Intent Classification — Folder Index
The MangaAssist intent classifier is a DistilBERT-based 10-way softmax router that gates every request before it reaches the recommendation engine, FAQ lookup, order system, or escalation queue. It is the gold-standard reference folder in this curriculum: every other Tier-1 topic folder mirrors its 8-file pattern (see
../SCENARIO_TEMPLATE.md).
This folder contains the main technique doc plus seven research-grade deep-dives plus this README. Each deep-dive owns a slice of the routing problem (numerical proof, calibration, business cost, dry-run, multi-intent, OOD, new-intent discovery). Together they form one coherent, production-ready intent-routing system.
Reading Order
Land here, then follow the sequence below. Each step builds on the previous.

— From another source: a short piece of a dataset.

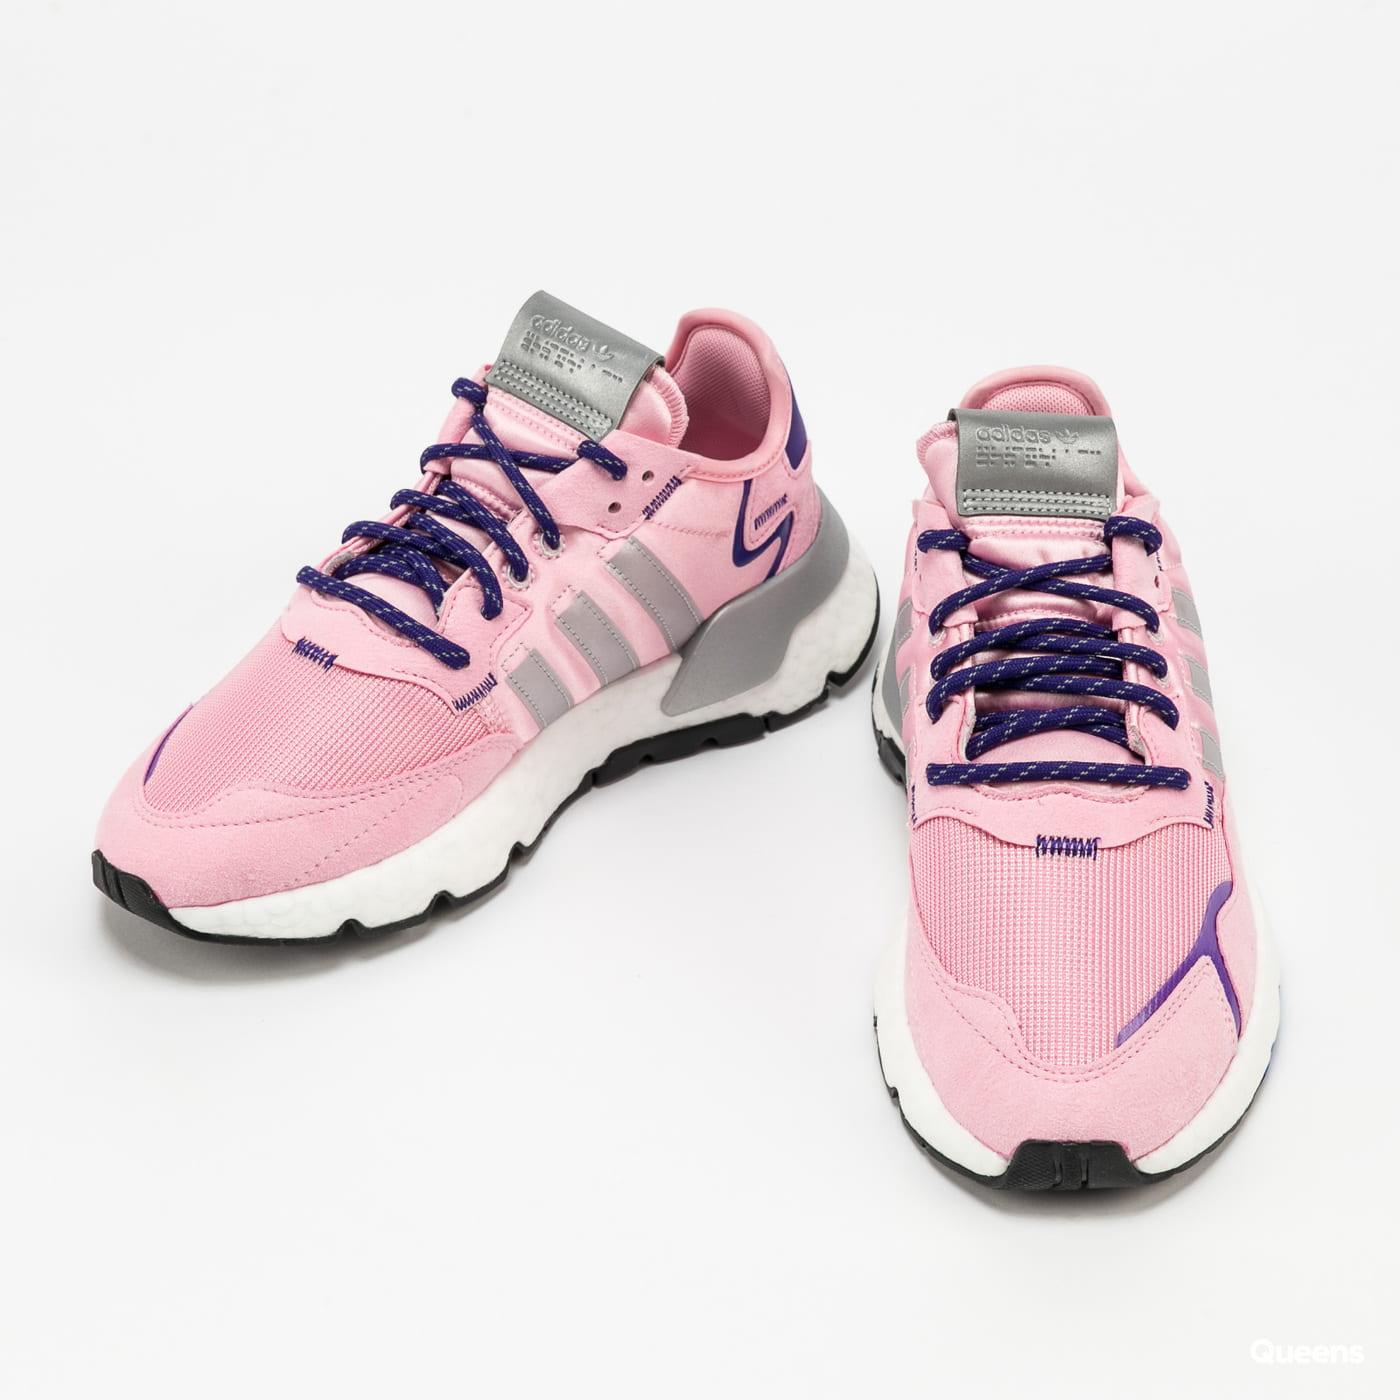 adidas Originals Nite Jogger W trupnk / silvmt / cpurpl
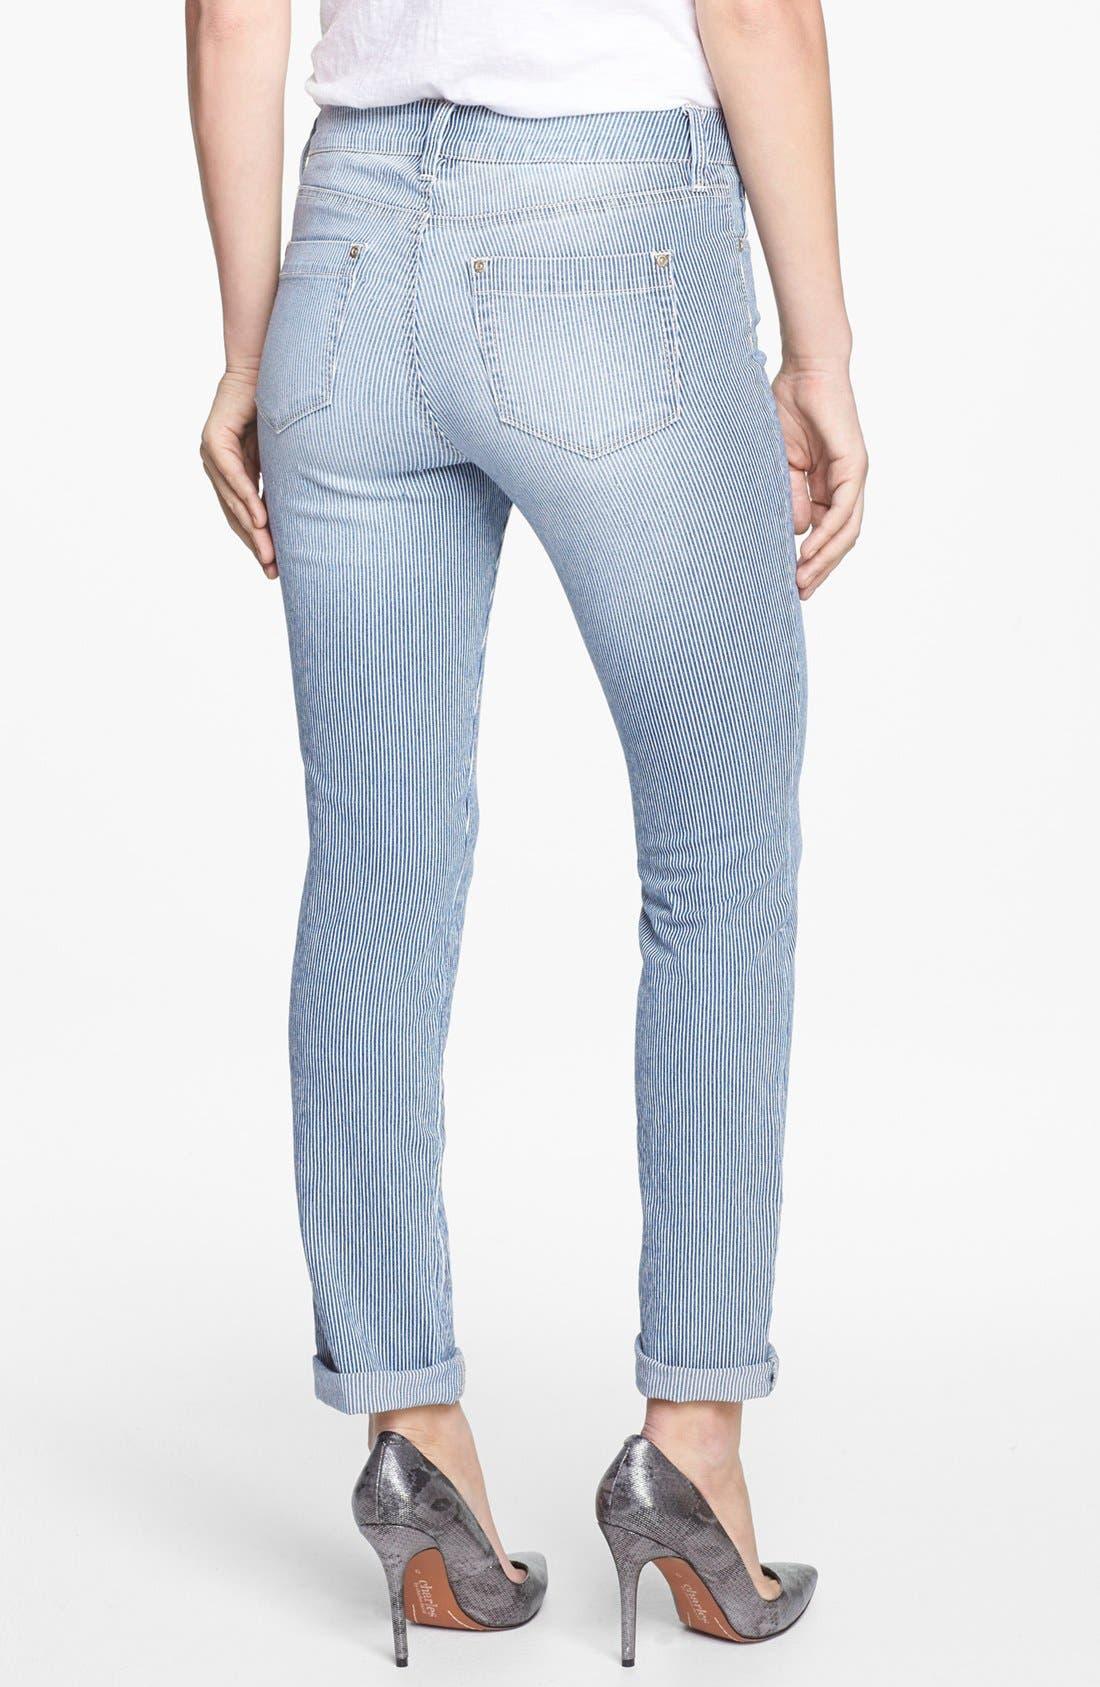 Alternate Image 2  - NYDJ 'Leann' Stretch Skinny Boyfriend Jeans (Old West Stripe) (Petite)

| # | File | Persona | Why read it next |
|---|---|---|---|
| 1 | 01-intent-classifier-fine-tuning.md | Priya + Aiko | start here — theory, math, architecture, training code, ablations, comparative methods, segment-wise results, failure tree |
| 2 | 01-fine_tuning_dry_run_mangaassist.md | Jordan | reproduce the result — manifest, error-injection tests, gate-failure tree |
| 3 | 01-fine_tuning_numerical_worked_examples_mangaassist.md | Aiko | every metric in concrete arithmetic; bootstrap CI procedure |
| 4 | 01-confidence_calibration_for_intent_routing_mangaassist.md | Aiko + Jordan | trust the probabilities — temperature scaling vs alternatives, T-sweep, drift SLA |
| 5 | 01-business_weighted_error_score_mangaassist.md | Sam + Marcus | trust the consequences — cost-matrix sensitivity, $ savings CIs |
| 6 | 01-multi_intent_detection_mangaassist.md | Priya + Aiko | handle requests with two valid intents — sigmoid head, pair drift detection |
| 7 | 01-ood_unknown_intent_detection_mangaassist.md | Priya + Marcus | refuse safely on unsupported queries — energy / MSP / ODIN comparison, ROC bands, adversarial robustness |
| 8 | 01-cluster_based_new_intent_discovery_mangaassist.md | Sam + Aiko | close the loop — turn rejected traffic into new intents (NIS, HDBSCAN, sensitivity sweep) |
Tip. Files 1-3 are the mechanical core (build it + reproduce it + do the math). Files 4-5 are the trust layer (probabilities + dollars). Files 6-7 handle the edges (multi + OOD). File 8 closes the feedback loop.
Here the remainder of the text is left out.